Last night Claudia, the chef who owns the restaurant where I work, cooked a huge paella on a fire pit in her backyard. It was the best paella I’ve ever had in my life- not dry, not greasy, not overcooked, just fragrant with saffron and perfect.

My friend Liddy and I got massages before going to the party and got there kind of late. In case I haven’t mentioned it before, one of the best things about LA is how easy it is to get a really great $50 massage on a moments notice. We felt brand new as we walked up the hill to the party. My sister met us there. Claudia’s house is almost like a tree house. The place was buzzing with people- outside on the deck, in the living room watching Hable con Ella, chatting around the dinner table, washing dishes, drinking in the yard or simply sitting around the fire waiting for the second batch of paella. A little boy ran around with a toy rifle wearing a magician’s hat. Liddy poured glasses of pink bubbly. We took in the view, the yard with its chicken coop in one corner and the plum and orange trees. We gobbled fork-fulls of rice, chorizo, and seafood, and talked to our friends high above Glendale Blvd. overlooking the reservoir with the observatory at a distance. It was the kind of night that makes you fall in love with LA and makes you think twice about moving away.
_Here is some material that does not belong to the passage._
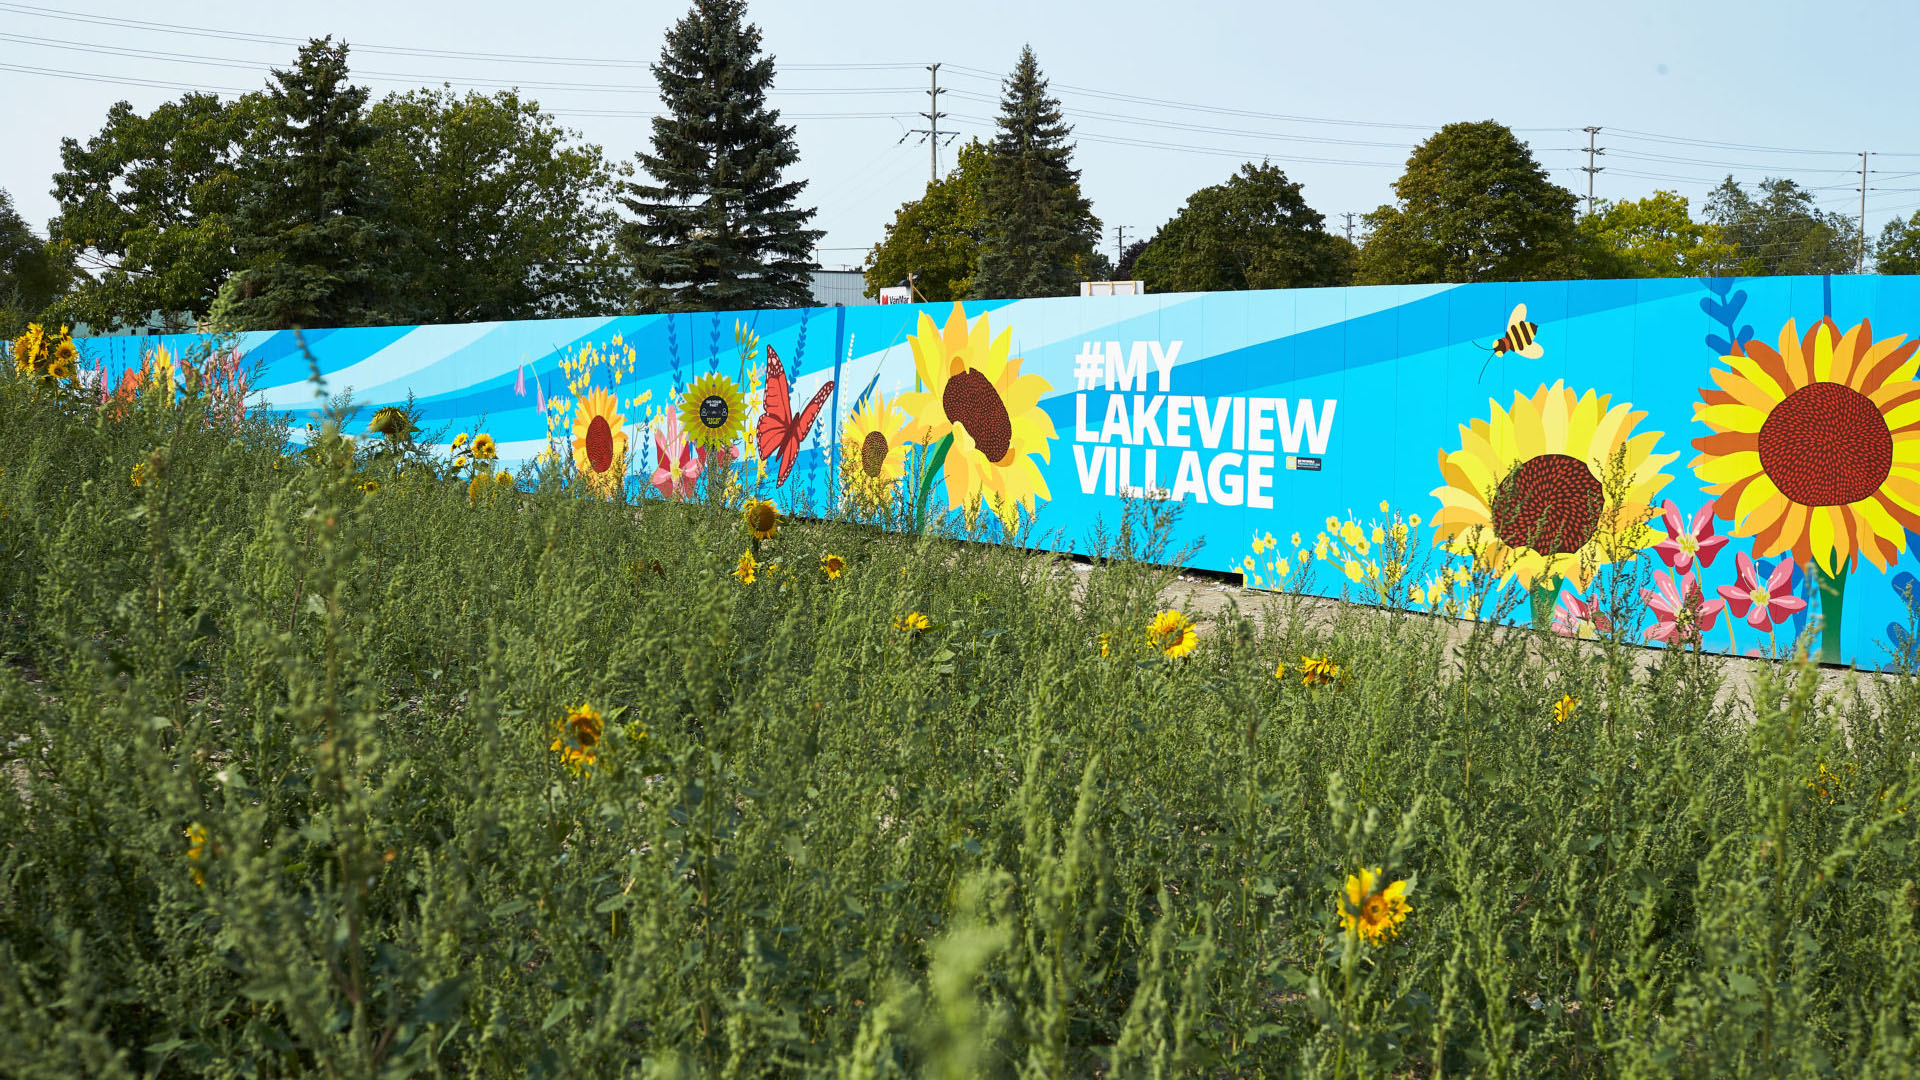 hoarding lakeview village

On the drive home I felt a little sad. Claudia, Liddy and I had been talking about dating, about wanting a summer full of sex. Claudia asked me if I had seen Leo lately. And I said what I always say we email but I can’t see him. It’s too hard. I feel like I saved myself from a lifetime of conflict and sorrow but that doesn’t make it any easier. That doesn’t make me love him less. I’m just not in love with him anymore. I’m not really angry at him anymore but when missing him sticks its claws in me it’s really hard to shake it off.